In the last scenario tested the client sends a wrong Token in MP_JOIN Syn. The server unsurprisingly replies with a Rst.

 0:  192.168.42.7   [TCP Syn] TCP::SourcePort(1594)  TCP::Option_MPTCP(00811000000000000000)
64:  130.104.230.45 [TCP Syn Ack] TCP::Option_MPTCP (008191d0ae47af67a0f2)

 0:  192.168.42.7   [TCP Ack]  TCP::SourcePort(1594) TCP::Option_MPTCP(0081100000000000000091d0ae47af67a0f2)
64:  *

 0:  192.168.42.7   [TCP Ack 72 bytes] TCP::SourcePort(1594) TCP::SeqNumber(01300001) TCP::Option_MPTCP(2004fb4e435d0000000100483aca)  TCP::Payload ("GET / HTTP/1.1...")
64:  130.104.230.45 [TCP Ack]  TCP::AckNumber(01300001) TCP::Option_MPTCP(3608200106a8308f000102163efffec5c815)
64:  130.104.230.45 [TCP Ack]  TCP::AckNumber(01300049) TCP::Option_MPTCP(2001fb4e43a5)

 0:  192.168.1.102  [TCP Syn] TCP::SourcePort (d26e) TCP::Option_MPTCP(10020200000010000000)
64:  130.104.230.45 [TCP Rst Ack] -TCP::Option_MPTCP

Mobile Tracebox

The MPTCP test described in the first part has been included in the new version of Mobile Tracebox Screenshots show how to select destination address and the appropriate probe. To avoid a full traceroute on every packet sent, minimum TTL can be conveniently set to 64.

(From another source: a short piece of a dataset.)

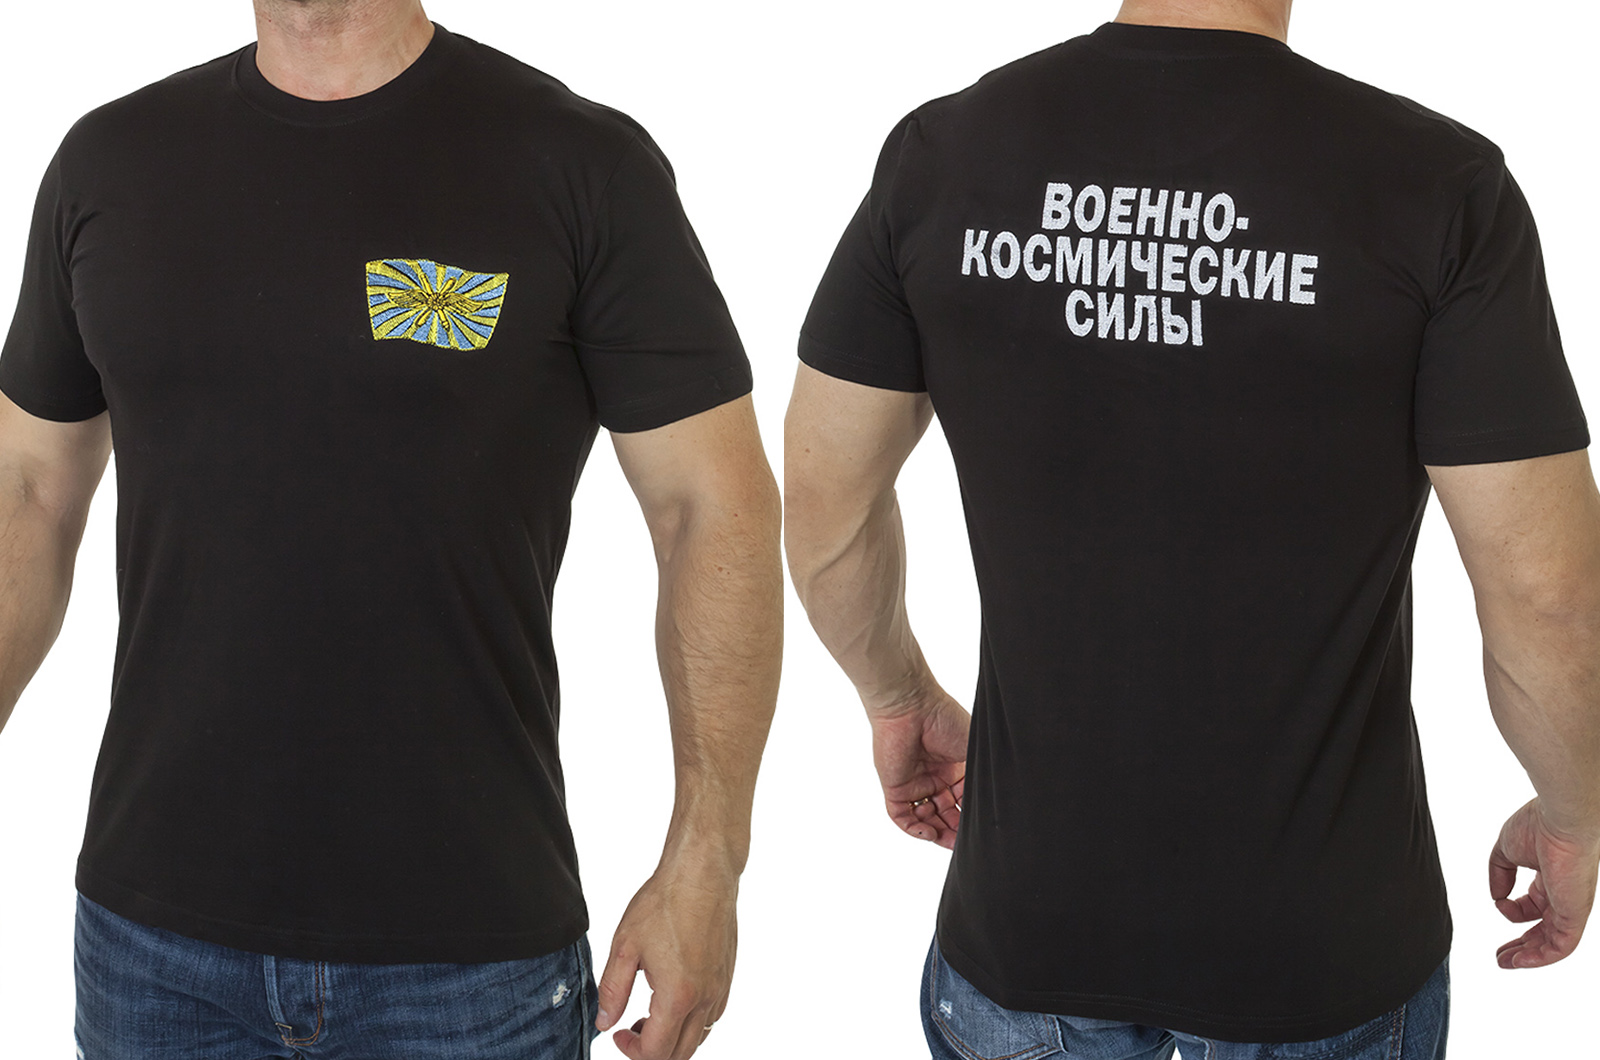 Заказать футболку с вышивкой "Военно-космические силы" с доставкой

../../../_images/Screenshot_1_select_address.png ../../../_images/Screenshot_2_select_probe_category.png ../../../_images/Screenshot_3_select_probe.png ../../../_images/Screenshot_4_advanced_min_ttl.png ../../../_images/Screenshot_5_successfull_probe_output.png

Since raw sockets are needed this probe is available only on rooted Android devices.